O ponto onde quero chegar é que os seres humanos que tenderiam a passar seus genes adiante por terem sido os melhores adaptados no passado não realizam mais essa tarefa, eles permitem que toda a humanidade passe seus genes adiante de um modo mais efetivo ao descobrir tecnologias, meios de longevidade e qualidade de vida. A Ciência é o principal motor para que isso aconteça: a eletricidade, descoberta por Graham Bell, não fez com que ele passasse mais eficientemente seus genes adiante, mas sim os genes de toda a espécie humana! A penicilina, descoberta por Pasteur, fez com que as chances de cura por tuberculose, se tratada corretamente, passassem de zero a muito alta (60 milhões são infectados anualmente e cerca de 2,5 milhões morrem).
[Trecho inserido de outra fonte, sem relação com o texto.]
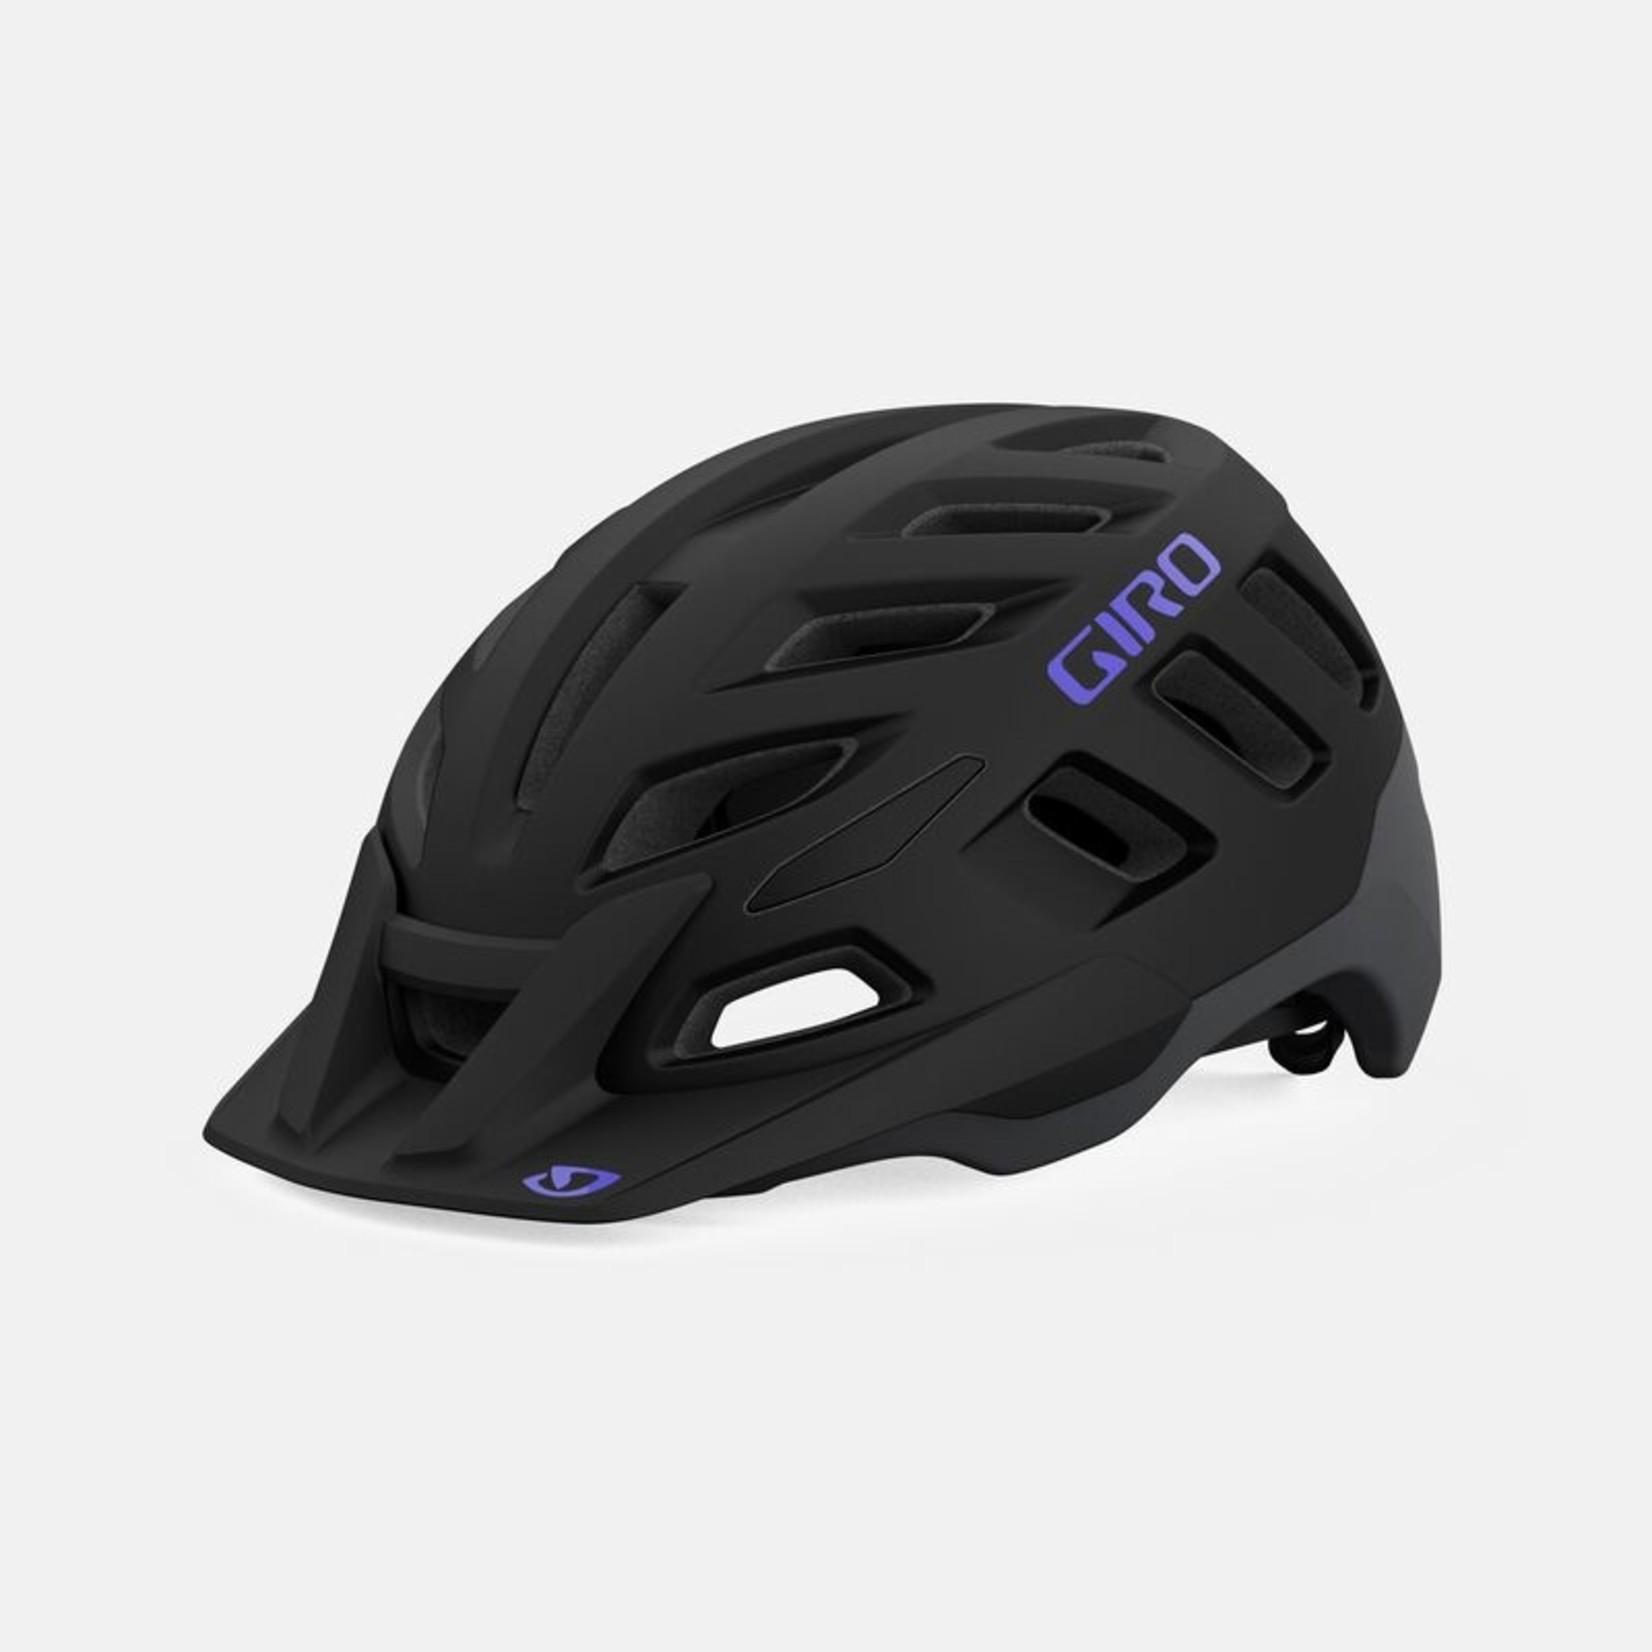 Giro Giro, Radix Mips, Mat Black/Electric Purple, Small

Confesso que me admira ainda hoje, século XXI, com toda a informação existente, toda a história humana, toda a tecnologia, ainda haver pessoas que negligenciam a educação, o meio ambiente, a qualidade de vida, e a importância de reconhecermos as pessoas como iguais independentemente de credo, sexo e cor. As pessoas ainda se vêem surpresas ao ver um país ter como candidatos à presidência um negro e uma mulher quando deveriam achar normal que isso acontecesse. Talvez por isso eu seja meio pessimista em relação ao futuro da humanidade. A evolução do ser humano foi, dentre outras características, direcionada no sentido de um maior volume cerebral, conseqüentemente a um raciocínio mais apurado, e acho realmente um desperdício ver tantas pessoas relutantes na atividade de pensar. Não que pensar vá nos garantir mais descendentes, mas talvez assegure um planeta pra podermos viver no futuro.